There have been marriages and babies.


----------



## Catherine Cavatica (Feb 2, 2011)

Kustamogen said:


> Im ready and waiting for the right SAS lady to sweep me off my feet


:heart:cuddle:kiss:wink:yay:b


----------



## nothing to fear (Mar 23, 2005)

Yup, there have been many relationships that started here. I'm with a fellow SASer, we've been together for a year and a half now.


----------



## Snuffy (Oct 5, 2010)

thewalkindude said:


> Do people from this site ever date each other?

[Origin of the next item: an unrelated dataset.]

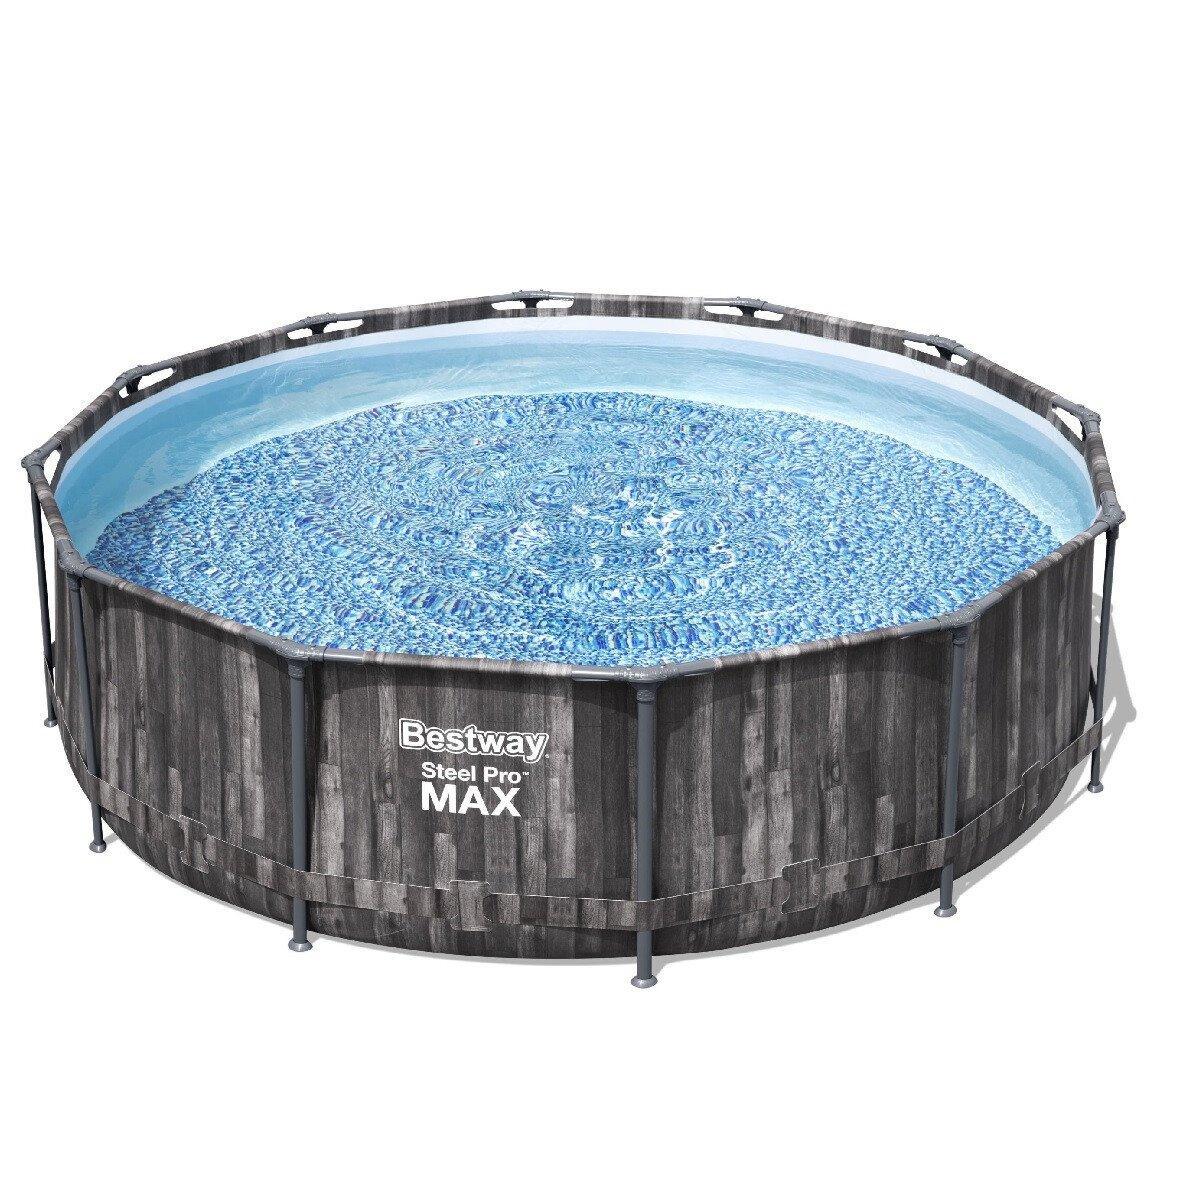 Каркасный бассейн Bestway Wood Style 5614Z (427х107), Каркасные бассейны, Круглая, 427х107, Китай

Heh, cool - never considered it. Maybe some hope now...


----------



## Stipe (Mar 19, 2011)

My only requirement for a female to date me; must be able to leave the house.


----------



## Scrub-Zero (Feb 9, 2004)

Met my lady here. 4 years and counting.


----------



## sacred (May 25, 2009)

sas needs some aggressive wild girls. i kind of wish some hot babes would first stalk my profile with some bad intentions and second break down my door and take me out for a wild night of fun.

the key is all the wild babes have and understand social anxiety but only feel comfortable being their extroverted selves around men with sa. that why they are here. the party girls of sas.


----------



## Stormclouds (Mar 8, 2011)

I met my SO on a similar website.


----------



## ShyViolet (Nov 11, 2003)

There have been people here who got married. If I only I could get so lucky.


----------



## Daylight (Jun 20, 2009)

Stormclouds said:


> I met my SO on a similar website.


What website is that?


----------



## Elad (Dec 6, 2009)

Seems they do. I think it would be great finding someone here, only problem is where I live.


----------



## watashi (Feb 6, 2008)

I might if there was someone from my country here, but I'm locationally limited. :/


----------



## heroin (Dec 10, 2010)

The women don't want us unconfident, self-doubting, miserable, desperate to the point of being creepy guys with rock-bottom self-esteem.


----------



## theCARS1979 (Apr 26, 2010)

It does happen for some people in here. Although I would'nt count on it though.


----------



## _AJ_ (Jan 23, 2008)

I did it, yay!!


----------



## LALoner (Dec 3, 2008)

heroin said:


> The women don't want us unconfident, self-doubting, miserable, desperate to the point of being creepy guys with rock-bottom self-esteem.


Your your own worst enemy.


----------



## Sindelle (Oct 22, 2010)

I would date someone from here. The distance is the main issue. I don't have a car


----------



## Harpuia (Apr 10, 2010)

joinmartin said:


> U were never a hopeless man. U just read some stuff and started believing u were. I'm glad u found sum one but now might be a gud time to accept that she is as lucky to have u as u r to have her.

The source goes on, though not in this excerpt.